Yes, if you meet the qualifications you will still be able to borrow private loans through an outside lender.


What is the Public Service Loan Forgiveness Program?


There is a new loan forgiveness program for public service employees. Under this program, the amount forgiven is the remaining outstanding balance of principal and accrued interest on an eligible Direct Loan for a borrower who is not in default and who makes 120 monthly payments on the loan after October 1, 2007. The borrower must be employed full-time in a public service job during the same period in which the qualifying payments are made and at the time that the cancellation is granted. Full time employees of LMU may qualify for Public Service Loan Forgiveness. Click here for more information.


What do I do if I have defaulted on a federal student loan and want to receive financial aid?

If you defaulted on a federal student loan, you cannot receive further Title IV aid until you resolve the default. You can resolve the default in the following ways:

  • Repay the loan in full or consolidate the loan: If a defaulted loan is successfully consolidated, it is counted as paid in full. However, if the loan holder simply writes off the entire loan, the loan is not paid in full, and you remain ineligible for Title IV funds.
  • Make satisfactory repayment arrangements: After you make six consecutive, full, voluntary payments on time, you may regain eligibility for Title IV funds. Voluntary payments are those made directly and do not include payments obtained by federal offset, garnishment, or income or asset execution. You may regain eligibility under this option only one time.
  • We must have written documentation that you have made satisfactory repayment arrangements from the loan holder.
  • Loan rehabilitation: Although you can regain eligibility for all federal student aid by making satisfactory repayment arrangements, the loan is still in default. A loan is rehabilitated once you make nine full, voluntary payments on time (no later than 20 days after the due date) within 10 consecutive months.
    • After a loan is rehabilitated, you will not be in default anymore, and you will have all the normal loan benefits, such as deferments.  

For more information on resolving your defaulted federal student loan, click here.

Am I eligible to receive financial aid if I filed for bankruptcy?

If you include a non-defaulted federal student loan in an active bankruptcy claim, so that collection on the loan is stayed:

  • You are eligible for aid as long as you have no loans in default (including the stayed loan).

If you list a defaulted federal student loan or grant overpayment in an active bankruptcy claim:

  • You are eligible for further federal student aid funds if you provide documentation from the holder of the debt stating it is dischargeable.

If you have had a federal student loan or grant overpayment discharged in bankruptcy:

  • You remain eligible for federal student loans, grants, and work-study.
  • You do not have to reaffirm a loan discharged in bankruptcy in order to be eligible.
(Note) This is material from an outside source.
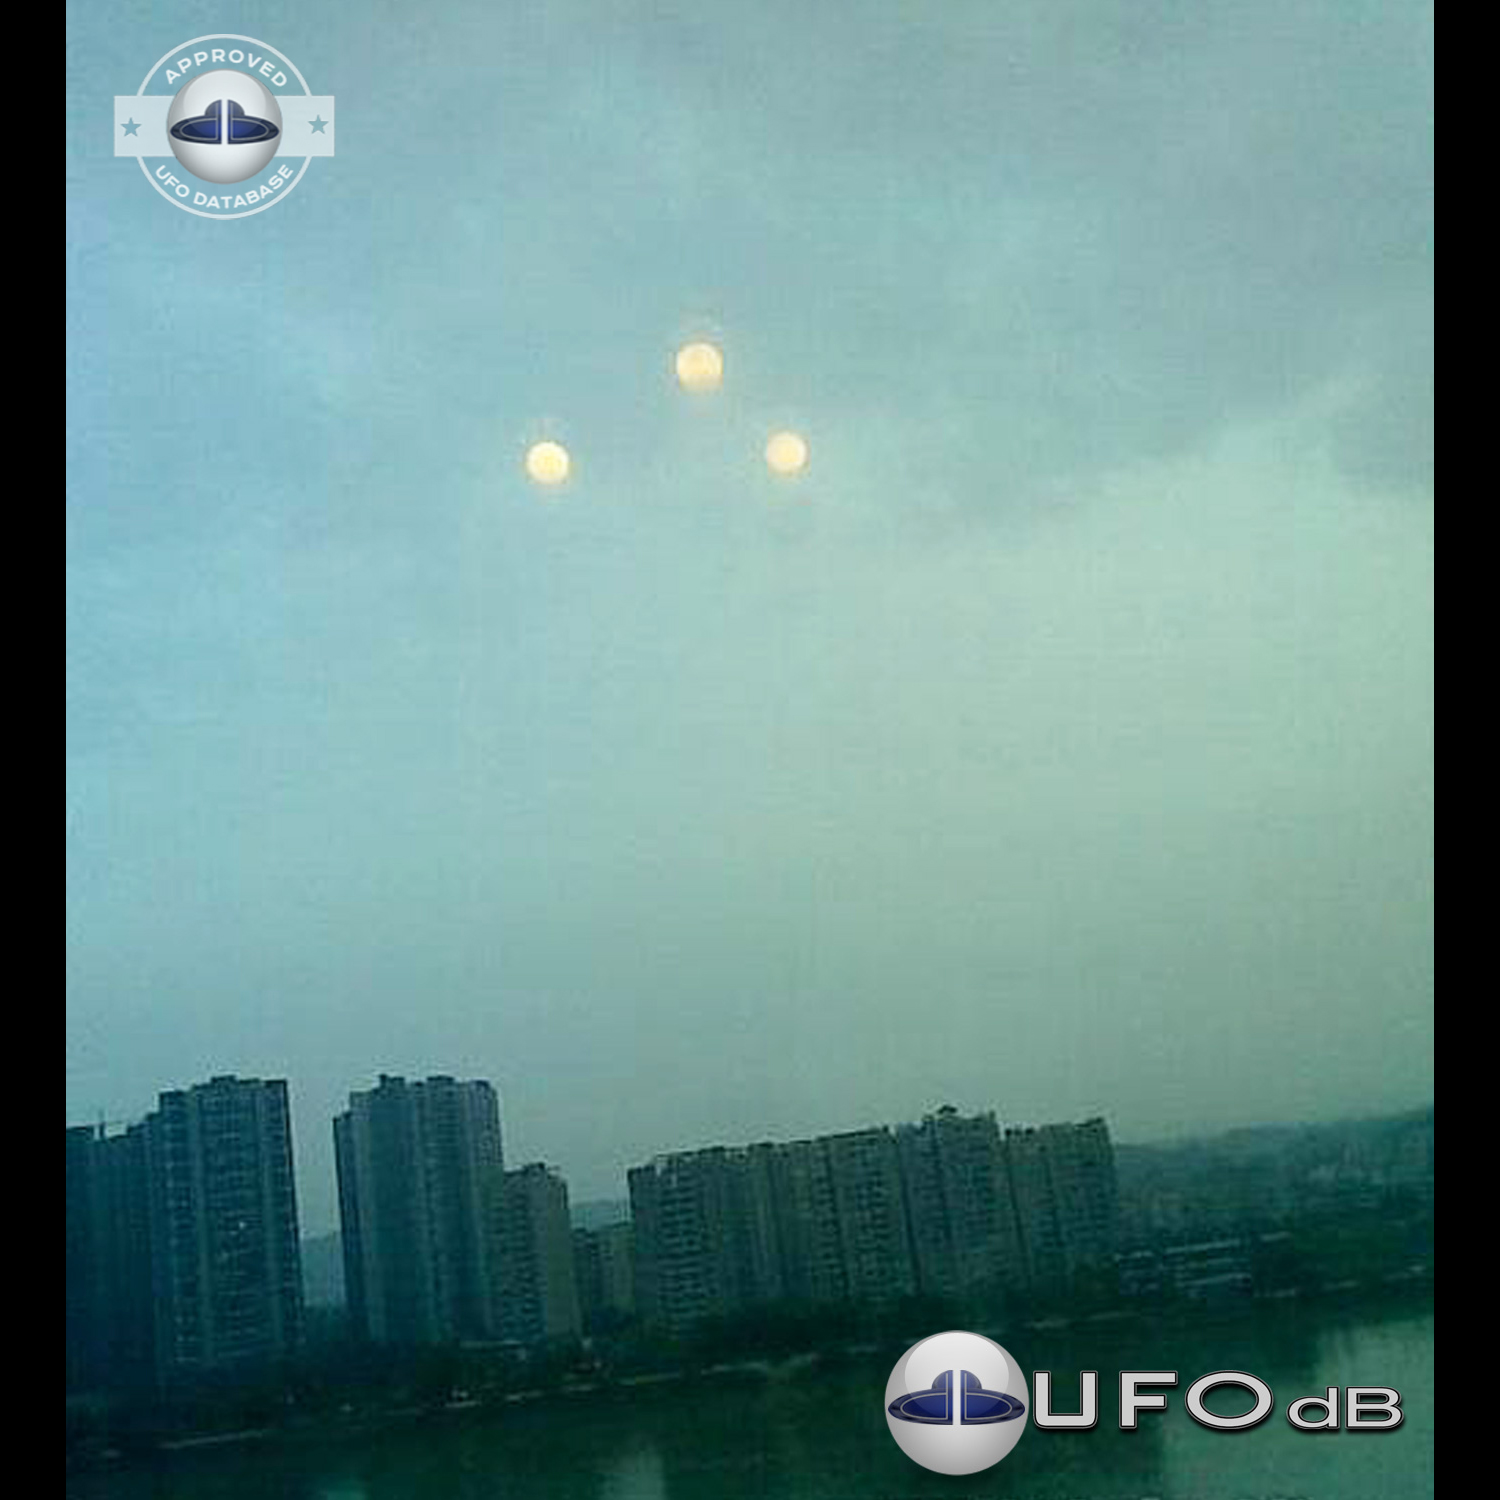 Citizens of Leshan saw 3 illuminated spherical shaped UFO in the sky UFO Picture #158-1

The Bankruptcy Reform Act of 1994 prohibits denial of aid based solely on filing for, or having a debt discharged in, bankruptcy.

If you filed Chapter 7 or Chapter 13 bankruptcy, you may have your loan discharged only if the bankruptcy court finds that repayment would impose undue hardship on you and your dependents.  

For more information on bankruptcy and receiving federal student aid click here.

Am I eligible to receive a federal student aid if I had a loan discharged due to total and permanent disability?

If you had a prior loan discharged due to a total and permanent disability and wish to take out another federal student loan or wish to receive a TEACH grant, you must submit the following.

  • A certification from your physician that the borrower has the ability to engage in substantial gainful activity.
  • A signed statement acknowledging that the new federal student loan or TEACH Grant service obligation can’t later be discharged for any present impairment unless it deteriorates so that the borrower is again totally and permanently disabled. (Please contact the Financial Aid Office to obtain a copy of this statement).

If you are in the three-year post-discharge monitoring period:

  • You must resume payment on the discharged loan before receipt of the new loan or TEACH grant and provide our office with proof from your loan servicer that you have resumed repayment.
  • If you received a discharge based on a determination from the VA, you are not required to resume payment on the discharged loan.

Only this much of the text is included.